The cellar is the beating heart of the company where the manual skills of the operators and the knowledge of the winemaker merge. Of course, today, technology is an indispensable element which, however, according to some, has taken poetry away from a work that is lost in the mists of time.
We ask the oenologist Dora MarchI for her opinion on the matter.
What is your opinion on the statement: “Wine is no longer made in the vineyard, but only in the cellar”? A cliché sentence or does it hide a grain of truth?
The work philosophy of our team is completely the opposite. For us, the grapes, the vineyard, the territory, the soil and the winegrower who takes care of the environment count.
Wine is made in the vineyard, in the cellar we must preserve and highlight what the vineyard has produced.
Man, through the care of the vineyard and thinning, can improve the quality of the wine and make a wine of excellence. The territory, however, is fundamental and only some areas will be able to produce wines characterized by longevity. Longevity is given by a whole series of microelements and substances, which the plant absorbs from the soil. It will be the roots of the plant and the mycorrhizae to allow the plant to absorb these substances and to produce grapes and therefore wines rich in these elements.
How much has technology in the cellar improved and how depersonalized the work of the winemaker?
Certainly some technologies have made it possible to improve the wine and, above all, to respect the grapes and preserve their quality. Above all, it is the knowledge and study of the phenomena underlying the different stages of vinification and aging that have allowed us to improve.
The cold technology has allowed us to preserve the grapes and the wines. The use of presses and soft pressing cycles have ensured that the grapes are not mistreated and the must is cleaner and richer in antioxidants and aromatic precursors. Another leap forward was made with the new generation of destemmers that detach the grape from the stalks without breaking it. Furthermore, the use of inert gases has allowed us to avoid contact with the air in some stages of winemaking and aging.
So, technology is welcome when it allows you to respect the grapes and make wine without having to intervene with impacting treatments such as clarification, excessive filtration, or the use of additives and adjuvants.
The study of the grape and the phenomena of winemaking, refining and bottling has allowed us to use technologies such as cold, gas control and to prevent a whole series of phenomena, avoiding chemical treatments and has allowed us to use fewer additives and even less sulfur dioxide.
According to your experience, which technological tool today is impossible to give up?
Certainly, the cold technology and the use of inert gases.
What are the main criticalities of a winery and what is your modus operandi to solve them?
Definitely, hygiene and cleanliness. The first thing that must be taught to the cellarman and the oenologist is that wine is a food product and, like all food companies, the cellar must have and respect very specific hygiene rules in all stages of processing, from grape harvest, bottling and even after.
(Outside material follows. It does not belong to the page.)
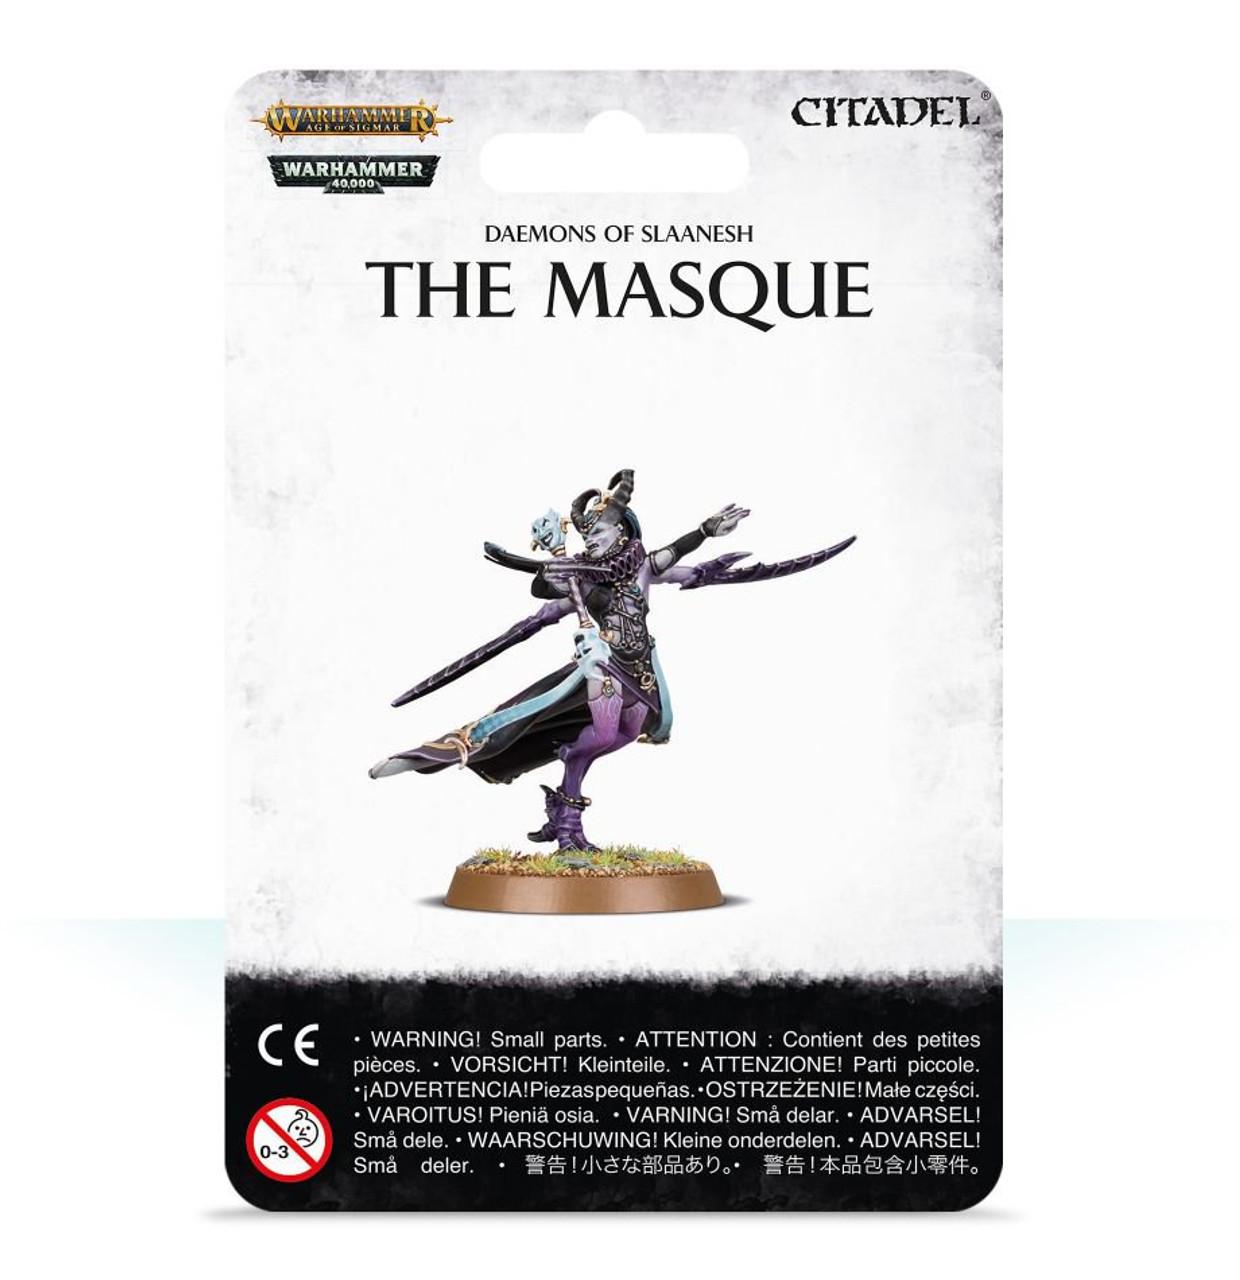 Warhammer Age of Sigmar: Daemons of Slaanesh - The Masque

It is essential to build the cellar in a way that is easy to keep clean. It is necessary to inform and train the staff of which are the critical points in the various stages of processing.
Too many problems arise from poor cellar management, contamination of yeasts such as brettanomyces, or heterolactic and acetic bacteria.
Good hygiene practice allows us to use less sulfur dioxide, whose main function is antiseptic.
It is also easier when working in a clean and tidy cellar.
In your imagination, how should your ideal cellar be structured? Did you manage to find it in any company?
I would like a cellar that works completely by gravity, minimizing the use of pumps especially to move grapes, crushed grapes and pomace. That it had an ideal temperature control for the different containers and an efficient control of the temperature and humidity of the different environments.
A winery that used both optical and manual grape selection systems. Systems that allow discard unripe grapes and in any case allow selection.
The selection of the grapes is important, essential for making quality wines. It is becoming more and more important in this era of climate change, which sees more and more ripe grapes in the same cluster, next to grapes with different degrees of maturity or immature.
The selection of the grapes allows to obtain a greater homogeneity and to discard the grapes with unripe tannins that will lead to sensations in the wine of dry and dry and bitter.
Fortunately, there are wineries that use gravity processing and also grape selection. Not necessarily they are wineries with an innovative design and built by renowned architects. They are certainly beautiful cellars, but above all functional.